While the above detailed description has shown, described, and pointed out novel features of the disclosure as applied to various implementations, it will be understood that various omissions, substitutions, and changes in the form and details of the device or process illustrated may be made by those skilled in the art without departing from the disclosure. This description is in no way meant to be limiting, but rather should be taken as illustrative of the general principles of the technology. The scope of the disclosure should be determined with reference to the claims.

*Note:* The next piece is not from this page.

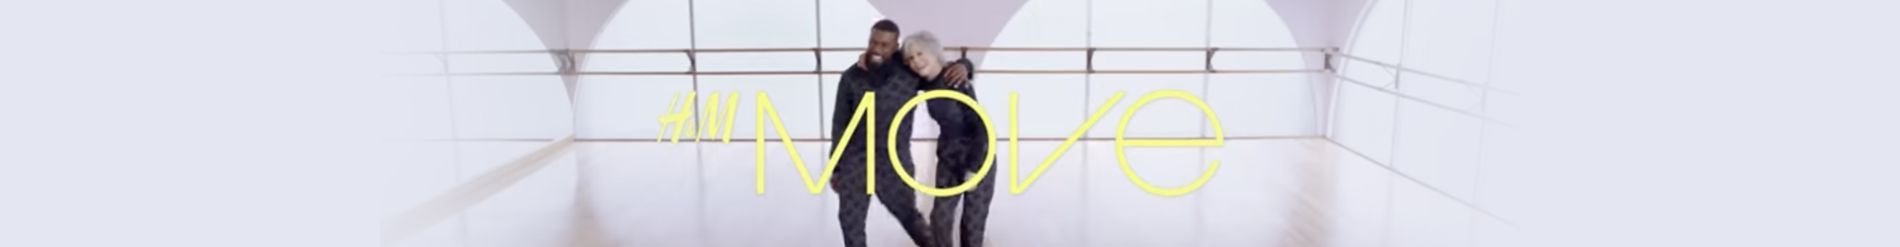 'Move It' By Jaded in H&M Move campaign starring Jane Fonda!

This application is related to co-pending and co-owned U.S. patent application Ser. No. 13/918,338 entitled “ROBOTIC TRAINING APPARATUS AND METHODS”, filed Jun. 14, 2013; U.S. patent application Ser. No. 13/918,298 entitled “HIERARCHICAL ROBOTIC CONTROLLER APPARATUS AND METHODS”, filed Jun. 14, 2013; U.S. patent application Ser. No. 13/918,620 entitled “PREDICTIVE ROBOTIC CONTROLLER APPARATUS AND METHODS”, filed Jun. 14, 2013; U.S. patent application Ser. No. 13/907,734 entitled “ADAPTIVE ROBOTIC INTERFACE APPARATUS AND METHODS”, filed May 31, 2013; U.S. patent application Ser. No. 13/842,530 entitled “ADAPTIVE PREDICTOR APPARATUS AND METHODS”, filed Mar. 15, 2013; U.S. patent application Ser. No. 13/842,562 entitled “ADAPTIVE PREDICTOR APPARATUS AND METHODS FOR ROBOTIC CONTROL”, filed Mar. 15, 2013; U.S. patent application Ser. No. 13/842,616 entitled “ROBOTIC APPARATUS AND METHODS FOR DEVELOPING A HIERARCHY OF MOTOR PRIMITIVES”, filed Mar. 15, 2013; U.S. patent application Ser. No. 13/842,647 entitled “MULTICHANNEL ROBOTIC CONTROLLER APPARATUS AND METHODS”, filed Mar. 15, 2013; and U.S. patent application Ser. No. 13/842,583 entitled “APPARATUS AND METHODS FOR TRAINING OF ROBOTIC DEVICES”, filed Mar. 15, 2013; each of the foregoing being incorporated herein by reference in its entirety.